Encounter: Celebrating 40 Years of the Black Hawk!

Building Better Hawks: Evolution in Helicopter Manufacturing

Step inside the Sikorsky factory on the west bank of the Housatonic River in Stratford, Connecticut, and you’ll witness hundreds of skilled technicians assembling the third-generation UH-60M Black Hawk.

Sikorsky produces two versions of the Black Hawk for the U.S. Army today: the UH-60M for troop transport and HH-60M for medical evacuation.

“From the outside, the basic UH-60M Mike air vehicle looks like the Black Hawk that we started producing in 1978, but on the inside essentially everything has changed, including the main rotor blades and aircraft structure,” said Hanke, who was once the UH-60M program manager. The method of production has evolved as well.

“We have a monolithic airframe that is produced from one piece of metal using high-speed machined parts, which takes less time to build, has a lot fewer parts, and has a corrosion treatment,” said Hanke. “We simplified the construction and reduced the weight as a consequence.”

The use of monolithic components eliminated about 2,200 parts from the original cabin and introduced tighter tolerances. Additionally, a composite folding stabilator reduced the parts count by more than 60 percent and eliminated 1,400 fasteners.

The launch of UH-60M production coincided with the introduction of a new computer-based manufacturing system.

“The computerized system allowed us to capture a lot more statistics regarding the work we’re doing and how it was being done,” said Hanke. This digital factory also made it easier for Sikorsky to update manufacturing processes based on data analysis.

Today, there are eight people at each of the six positions on two final assembly lines, working one of three eight-hour shifts each day. This results in a production time of about 42 days per Black Hawk.

Sikorsky focused on ergonomics, efficiency, and cleanliness as they optimized the factory for UH-60M production. They created a brighter, cleaner, and safer factory while reducing labor hours, costs, and achieving a better flow on the floor.
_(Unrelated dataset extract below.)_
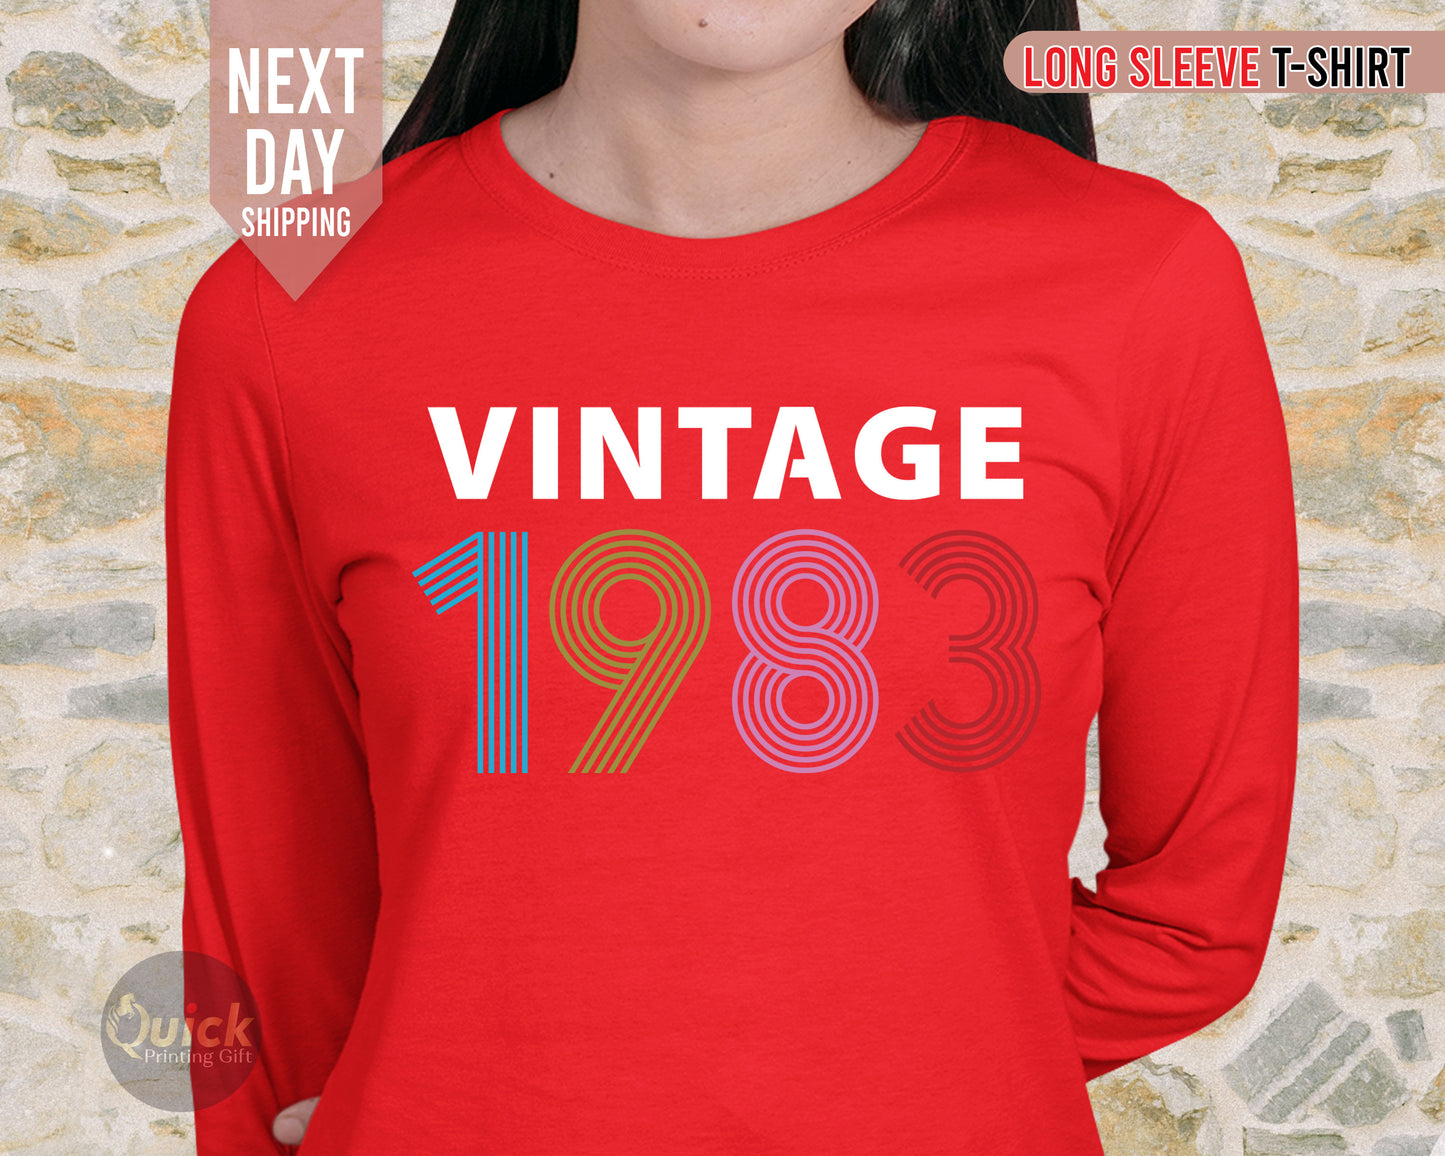 Vintage 1983 Long Sleeve T-Shirt

The HH-60M features a clinical interior with a litter system for up to six casualties, an oxygen generator, and modified accessories and avionics.

The army has been flying specialized medevac Black Hawks for more than 30 years. The HH-60M features an advanced medical suite, including integrated suction and oxygen systems, defibrillation, ventilation, and incubation equipment.

Sikorsky has a long tradition of making all critical flight systems, including rotor blades, gears, gearbox housings, and flight controls for the Black Hawk and all of its other helicopters.

The main UH-60M cabin is integrated at Sikorsky’s historic Bridgeport plant, then transported to Stratford for final assembly. Airframe production is much less vertically integrated than in the past, with 40 percent of the main cabin now produced by Sikorsky subsidiary PZL Mielec in Poland.

Production of the legacy MH-60R Romeo is also a multi-site enterprise, with the airframe assembled at the Sikorsky factory in Alabama, final assembly in Stratford, and mission systems installation and integration centered at Lockheed Martin in Owego.

The last of 324 MH-60R Romeos ordered by the Navy is scheduled to roll off the assembly line in 2020. The maritime helicopter is still available for export sales, expected to extend production into the mid-2020s.

Following the MH-60R, the Stratford factory is now gearing up to assemble the new generation HH-60W “Whiskey” CSAR helicopter for the Air Force and the new heavy-lift CH-53K King Stallion for the Marine Corps.

The Air Force’s aging fleet of HH-60Gs will be replaced by the new-generation HH-60W. Sikorsky and Lockheed Martin are designing a robust helicopter to fulfill the Air Force’s demanding CSAR mission profiles.

The HH-60W features advanced avionics and mission systems and an internal fuel capacity of 660 US gallons, double that of earlier models. It has increased range without auxiliary fuel tanks, thanks to careful placement of the refueling probe, weapons, radar, sensors, and avionics.

The Whiskey features the UH-60M drivetrain, General Electric T700-GE-701D engines, and wide-chord rotor blades for better performance and maneuverability.

Sikorsky began assembling the first HH-60W Whiskey for the Air Force in 2018, with initial flight testing planned for 2019. The new helicopter’s design addresses challenges of retrieving downed airmen in hostile areas and provides improved situational awareness for the aircrew.

The future of helicopter manufacturing looks promising, with innovations in materials, production methods, and technology driving the development of more capable and efficient aircraft. As the needs of armed forces evolve, manufacturers like Sikorsky continue to adapt and enhance their products to meet these challenges head-on.